ExternalViewSystem (EVS) HAL
The EVS subsystem consists of its own HAL and native services, operating independently of the standard CameraService.
Architecture
- Early Boot Execution: The EVS service (
evsmanager) starts extremely early in the init sequence, long before the Android UI framework is ready. - EVS HAL (
IEvsCamera): This HAL is specifically designed for simple video streaming. It lacks the complex metadata, 3A controls, and deep stream configuration negotiation of Camera HAL3. Its primary job is to get raw frames from a V4L2 device and pass them along as quickly as possible. - EVS Display (
IEvsDisplay): EVS interacts directly with the hardware composer (HWC) or kernel DRM/KMS drivers to display frames, completely bypassing SurfaceFlinger. This ensures frames hit the screen immediately.
Workflow Example
- Vehicle shifted to reverse.
- The Vehicle HAL signals the EVS manager.
- EVS manager requests
IEvsCamera->startVideoStream(). - Frames stream directly from the camera driver, through the EVS HAL, and are composited directly to the screen via
IEvsDisplay. - Once the standard Android framework finishes booting and the user shifts out of reverse, the EVS system can yield control of the display and camera resources back to the standard Android subsystem.
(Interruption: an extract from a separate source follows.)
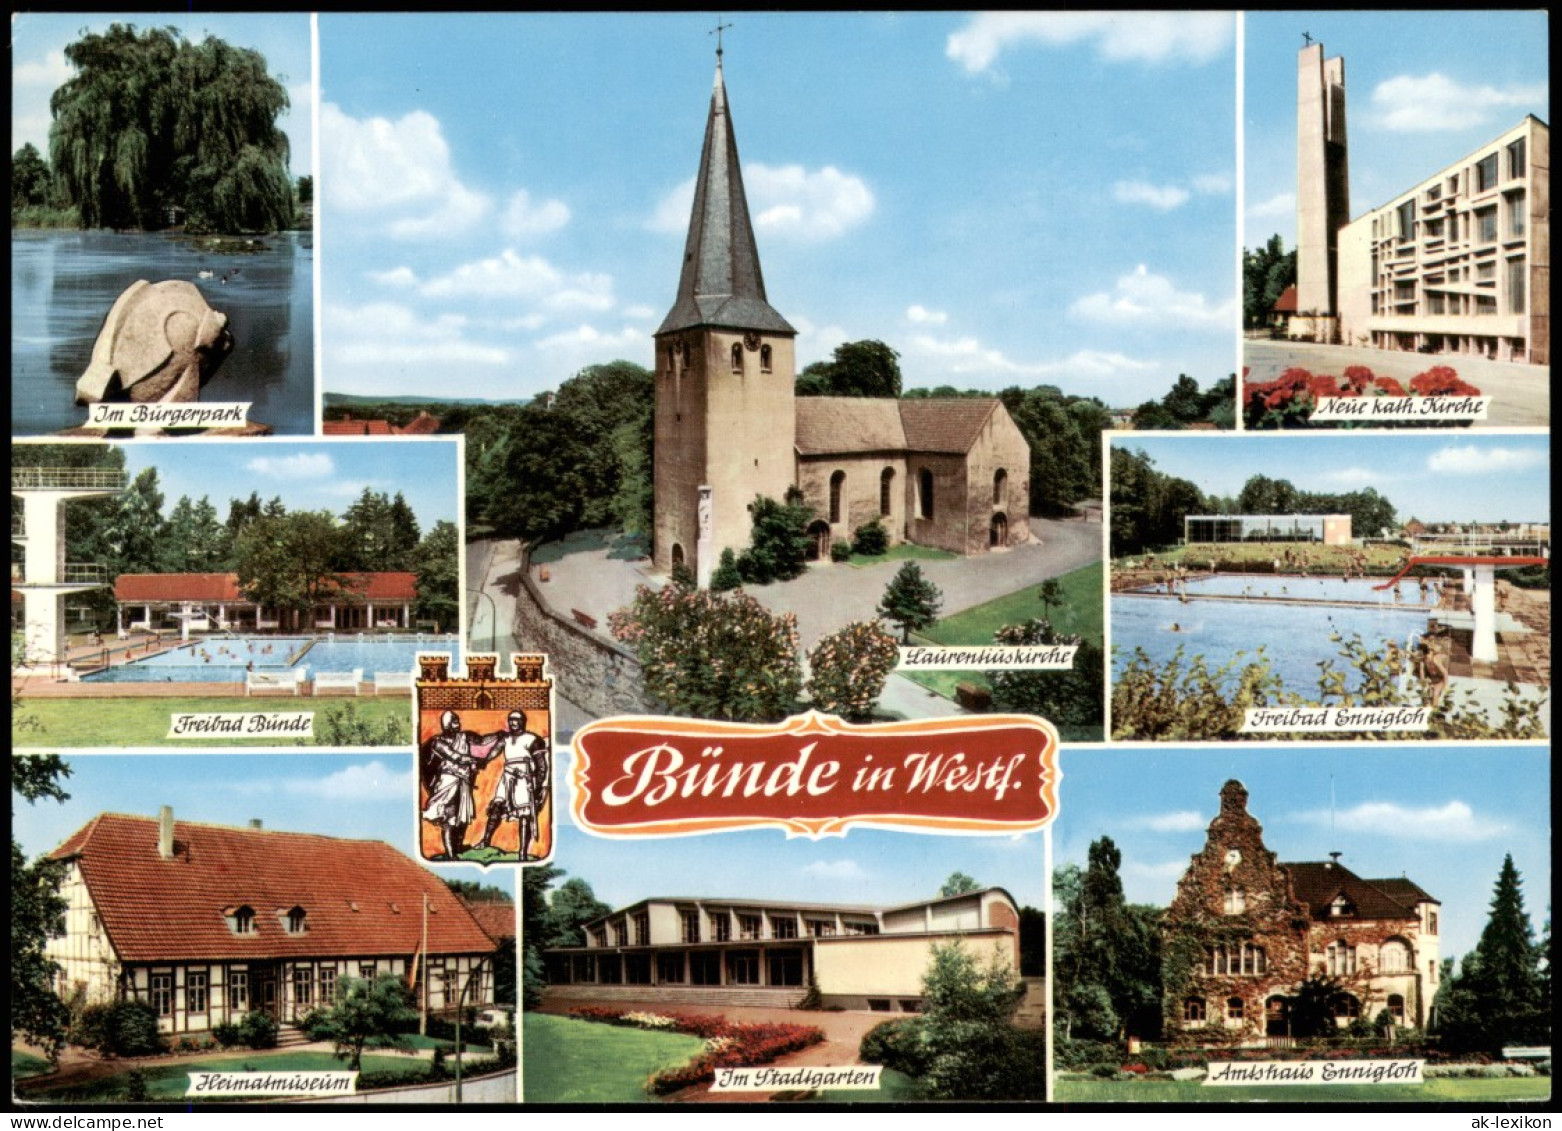 Ansichtskarte Bünde Kirchen, Museum, Amtshaus Uvm 1985 - Bünde
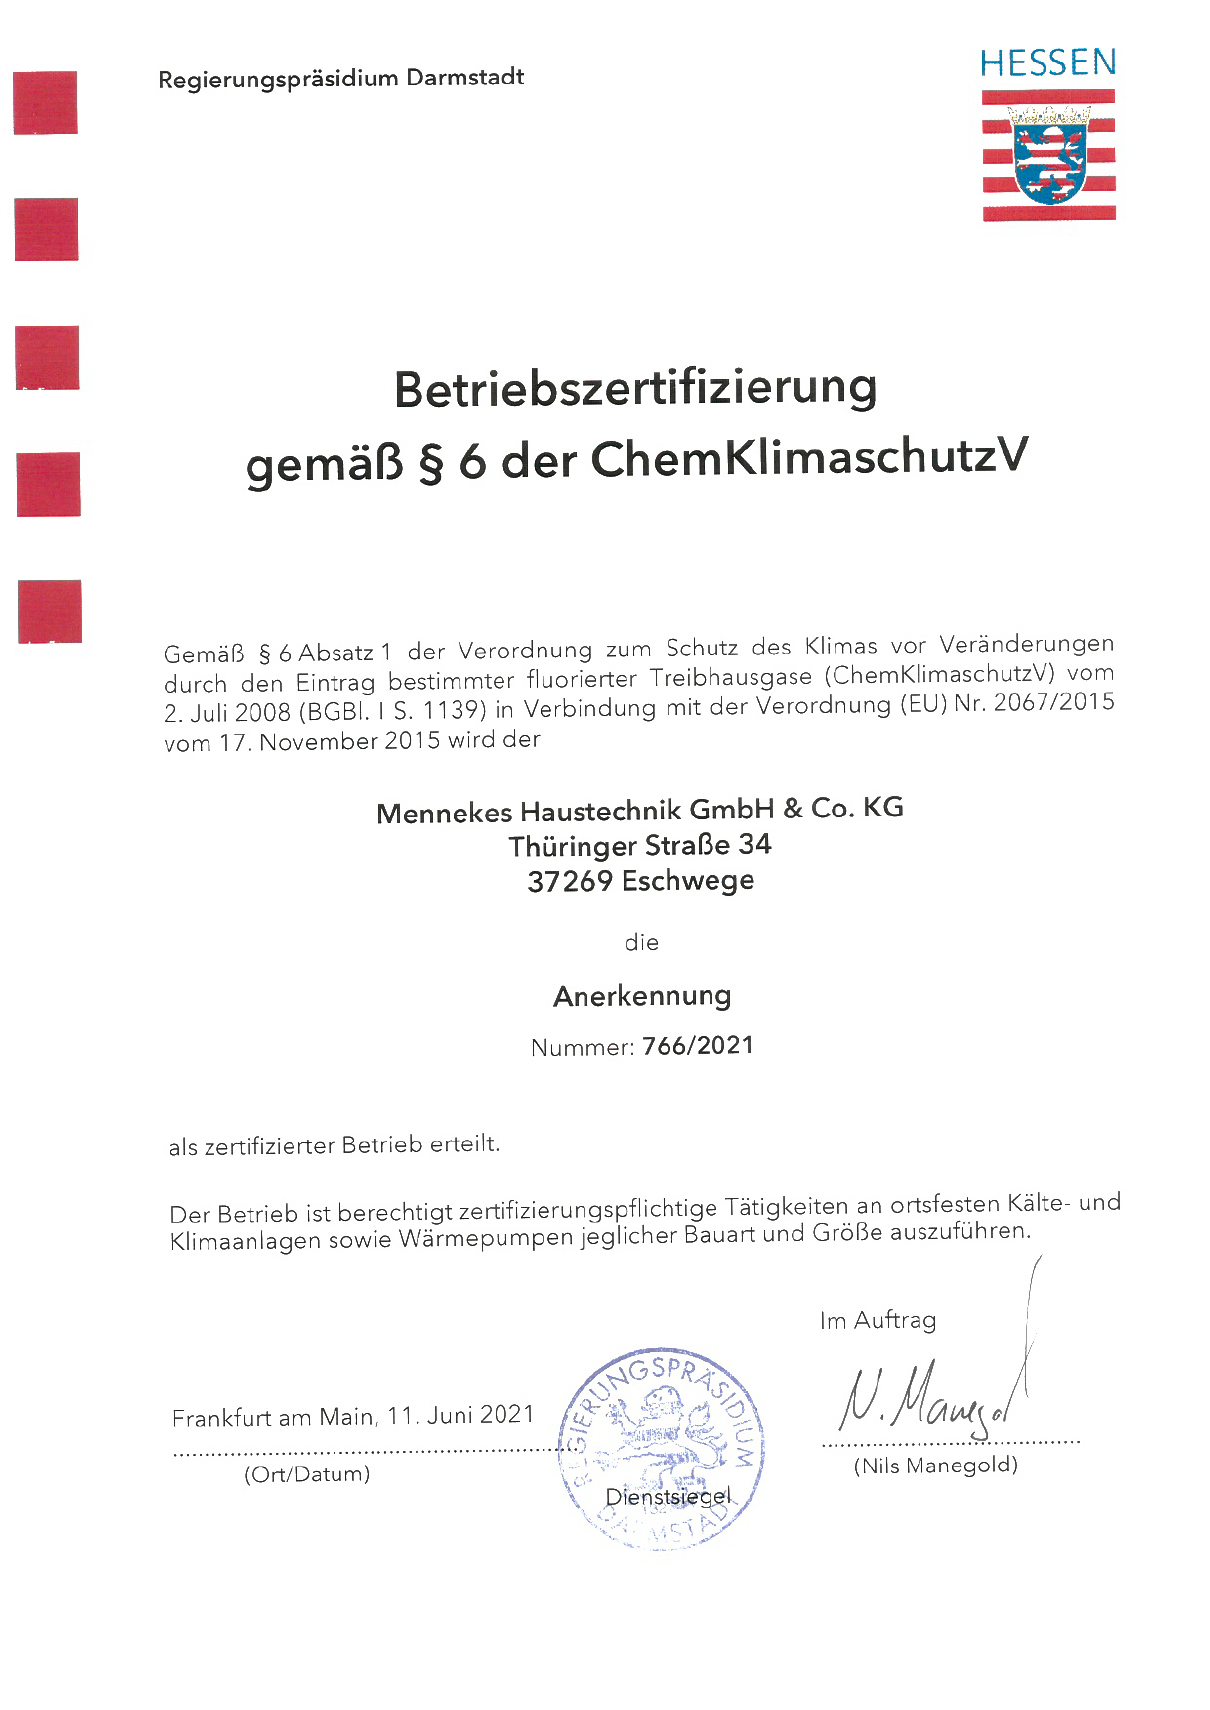 Mennekes Haustechnik GmbH & Co.KG - Zertifikate 8

// Conceptual flow in EVS Client
sp<IEvsEnumerator> evs = IEvsEnumerator::getService();
sp<IEvsCamera> camera = evs->openCamera(cameraId);
sp<IEvsDisplay> display = evs->openDisplay();
// Set up callback to receive frames
camera->setMaxFramesInFlight(2);
camera->startVideoStream(myFrameReceiver);
// In the receiver callback, frames are passed directly to the display
Return<void> receiveFrames(const hidl_vec<BufferDesc>& buffers) {
display->returnDisplayBuffer(buffers[0]);
return Void();
}
The EVS stack highlights Android's flexibility in providing specialized subsystems tailored for the strict latency and safety requirements of the automotive industry.